Americans experienced that reality firsthand in 2017 after Hurricane Harvey damaged 13 Superfund sites in Texas, leading to mass contamination from one site alone. It took the EPA eight months to begin cleaning up that site, the San Jacinto River Waste Pits, and cleanup is slated to go on another year or more. Then, there was Hurricane Maria, which flooded a lead-contaminated Superfund in Arecibo, Puerto Rico, leaving residents worried about contamination long after the natural disaster.
As Carter noted, low-income communities and people of color tend to be closest to these facilities, so they’re the most at risk.
“These are some of the most disenfranchised communities in the United States,” he told Earther. “[They] don’t have a ton of power in the United States, and they will be the ones impacted by this flooding at Superfund sites.”
The EPA is well aware of the threat that flooding—which is set to intensify in the Midwest in a warmer world—poses to these sites. Its Climate Adaptation Plan published in 2014 makes this clear: “Inundation and flooding may lead to transport of contaminants through surface soils, ground water, surface waters, and/or coastal waters.”
Former President Barack Obama issued an executive order that would’ve required all federal departments, including those that manage Superfunds, prepare for future flood risks. President Donald Trump, predictably, rescinded it. According to the National Oceanic and Atmospheric Administration’s spring flood outlook, heavier than usual rainfall is set to bring “historic, widespread” flooding to the Midwest through May.

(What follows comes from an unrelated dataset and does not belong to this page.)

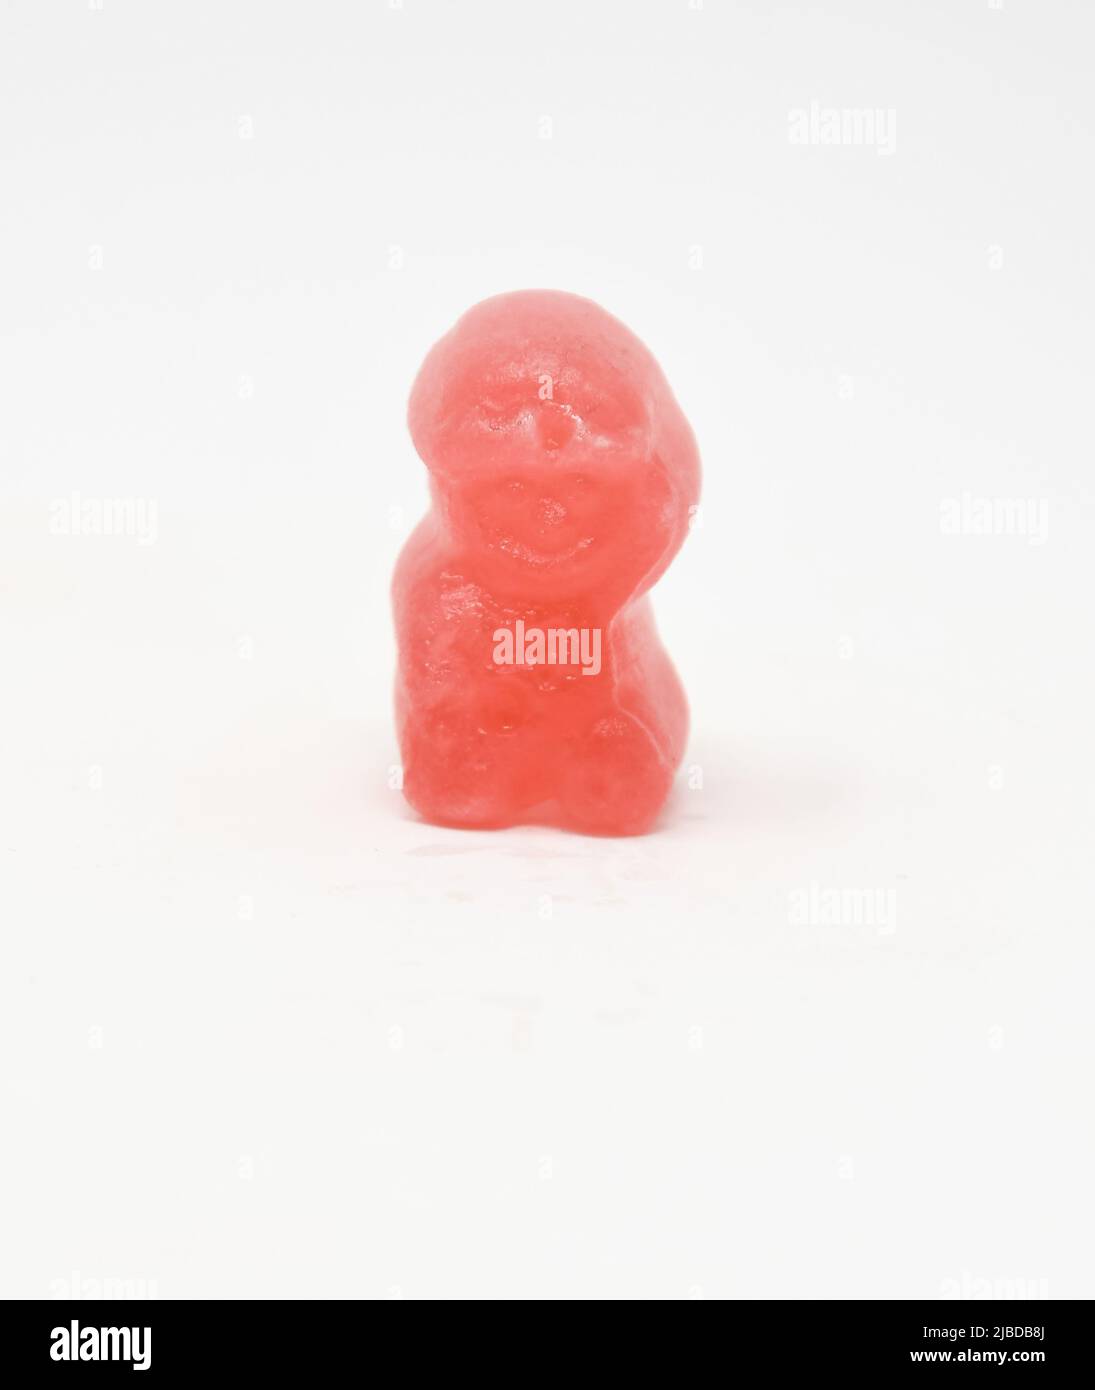 A close up photo of a Red Jelly baby Stock Photo

Whether or not the latest bout of floods caused any Superfund sites to spread their contaminants, it seems clear these sites will only become more vulnerable. We better ready up.
Correction: An earlier version of this post indicated that eight Superfund sites have dealt with floodwaters. One of those sites, a landfill, is not actually a Superfund. The text and headline have been updated accordingly. We have also updated to clarify that the Nebraska Ordnance Plant was shut down to avoid treated water from mixing with floodwaters in addition to access issues.